We’d sit and talk about serious things. My grandfather never talked down to me. But I noticed that he also didn’t talk to me the same way he talked to the men at the other tables. Sometimes at the Green Frog he’d line up other musicians to get together to play. He was a natural musician. Fiddle, guitar, piano, accordion. He never met an instrument he couldn’t master in a rainy afternoon. He sang a nice tenor everyone called Irish, though he was a Scot. With a name like Bonnie Corley Fenley, you can’t fool anyone about your ancestry.
On one of the musical occasions he organized stands out from all the others. One very ordinary weekday afternoon, he and I pulled up to a little wood frame house on the outskirts of town. Other trucks and a couple of cars were pulling up as we arrived. We parked my grandfather’s old 47 Chevy pickup on a long sandy drive and made our way around the house to a small outbuilding off the side of a carport. The thing looked so decrepit I was afraid it wouldn’t last the afternoon, but the last time I checked it was still there.
Inside that shack, I swear, was heaven. A roomful of guitar players, fiddlers, singers, all warming up. Laughing. Joking. My grandfather has a fiddle case under one arm, a guitar case in that hand, and an accordion case in the other. A weathered piano that looked and sounded like it had survived the great Galveston hurricane of 1900 leaned against a wall.
I have played in a lot of bands. Good bands with fine musicians. Jazz. Blues. R&B. Rock. Even country. And I’ve heard concerts headlined by everybody from the Nitty Gritty Dirt Band to Buddy Guy to Chicago to George Harrison to Leonard Cohen to the Band of Heathen, just for starters, but I have never ever experienced music that could compete with what happened in that shack that day.
Not a sheet of music in the room, the music just poured out of these guys as if they were breathing it.
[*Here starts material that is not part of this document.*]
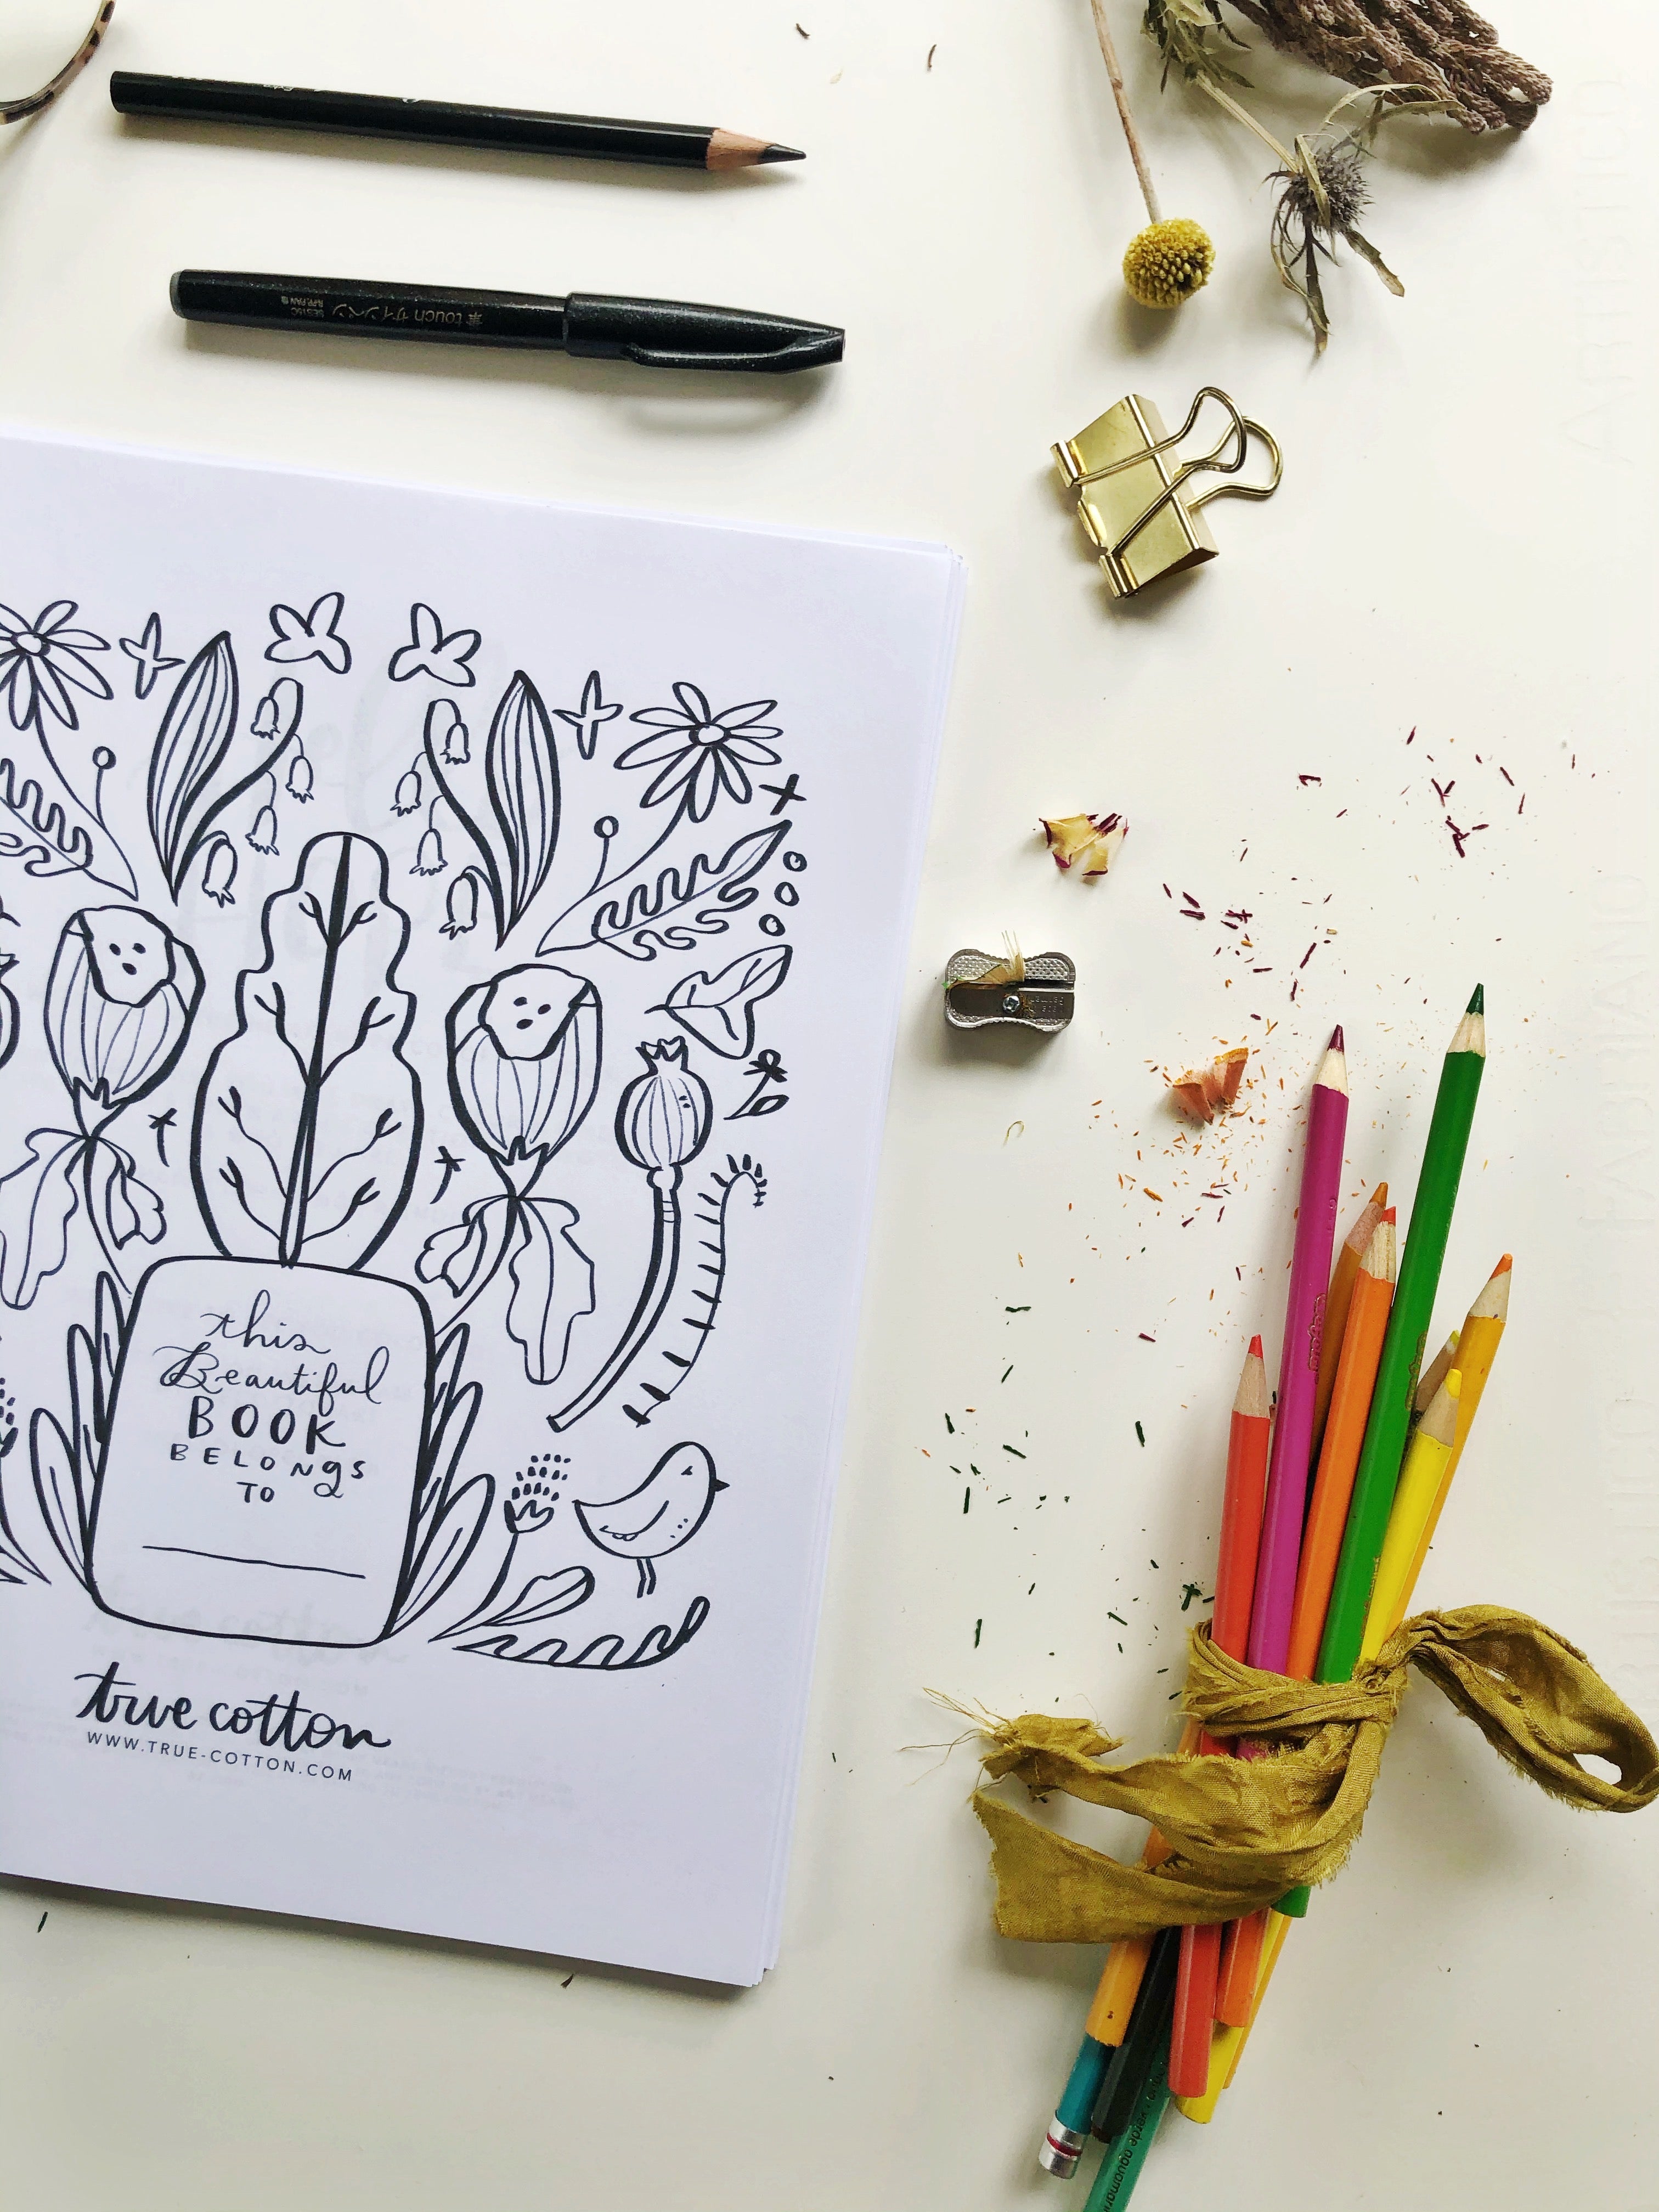 Digital Download // Hello Hope Coloring Pages // VOL. 4 // Write It Out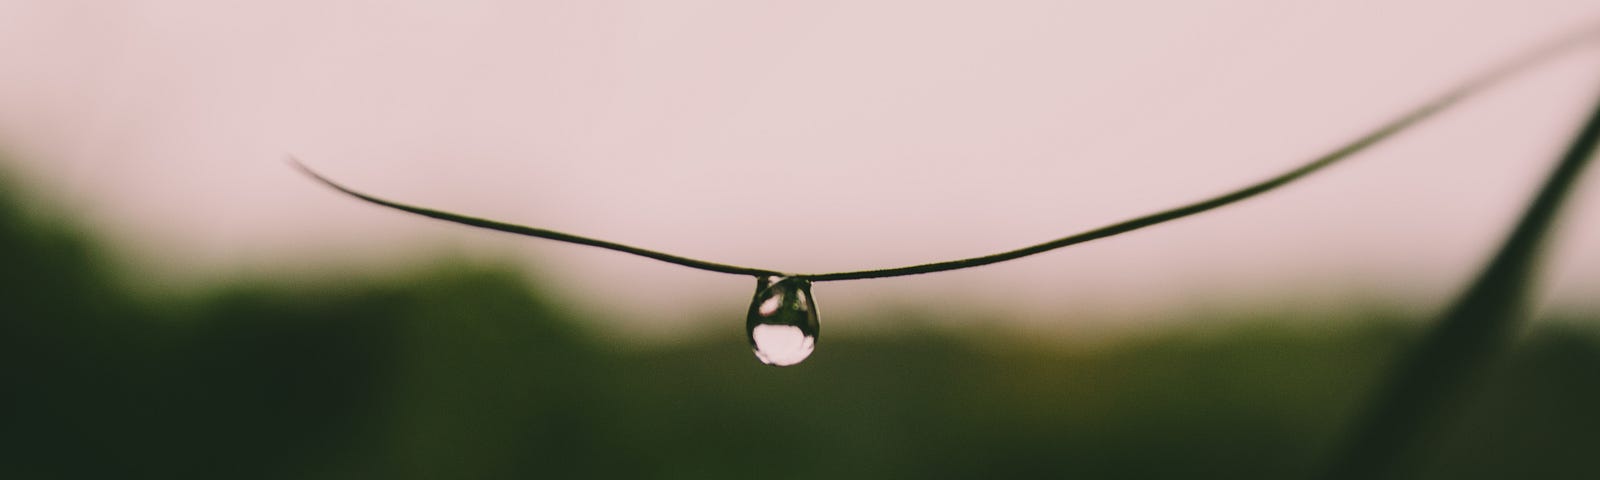 A doplet of water clings to a very thin blad of grass. The blade of grass is horizontal and the water droplet looks like it might fall. The background is a grayish pink sky and blurred greenery.

Inhaling. Exhaling. The music flowed from one to another, back and forth, like communication, but deeper somehow. They changed keys like they shared a single mind, a single heart. The rhythm beat like the heartbeat of the world itself. They’d laugh trying to trip each other up, but they couldn’t. I suspect that every band I’ve ever played in, I was just trying to recapture the joy of that afternoon.
At the time I didn’t know it, but I was getting my first lesson in the most misunderstood and mistreated doctrine of the church, the doctrine of the Trinity. I was also getting a lesson in the fundamental reality of being – which comes to the same thing.
What I felt in that room of people making music together – playing off one another, respecting one another, loving what they did together, loving what they created together, enjoying music as it flowed among them and out of them and into one another and anyone who happened to listen – was like a natural revelation. It would be twenty years before I would learn that the early Christian theologians had a name for this phenomenon when they talk about the Trinity: perichoresis. The fancy Greek word just means the mutual life and love shared by the Father, Son and Spirit with one another as they play their eternal music together creating and sustaining and loving everything that exists.
Now, every time I hear a theologian abstracting the doctrine of the Trinity with fifty dollar words so that no one can understand what they are saying, and every time I hear a fellow preacher make this sublime mystery seem dry as dust, I wish I could take them to see those old men from the Green Frog Cafe playing like God Almighty.
The music says it better than any words could ever say. And anyone who has ever had the privilege of improvising with other musicians knows what I mean. But I do wish that you also could have heard my granddaddy and those other musicians who played us into the presence of the mystery in a buddy’s derelict shack one very ordinary afternoon: “On earth, like it is in heaven.”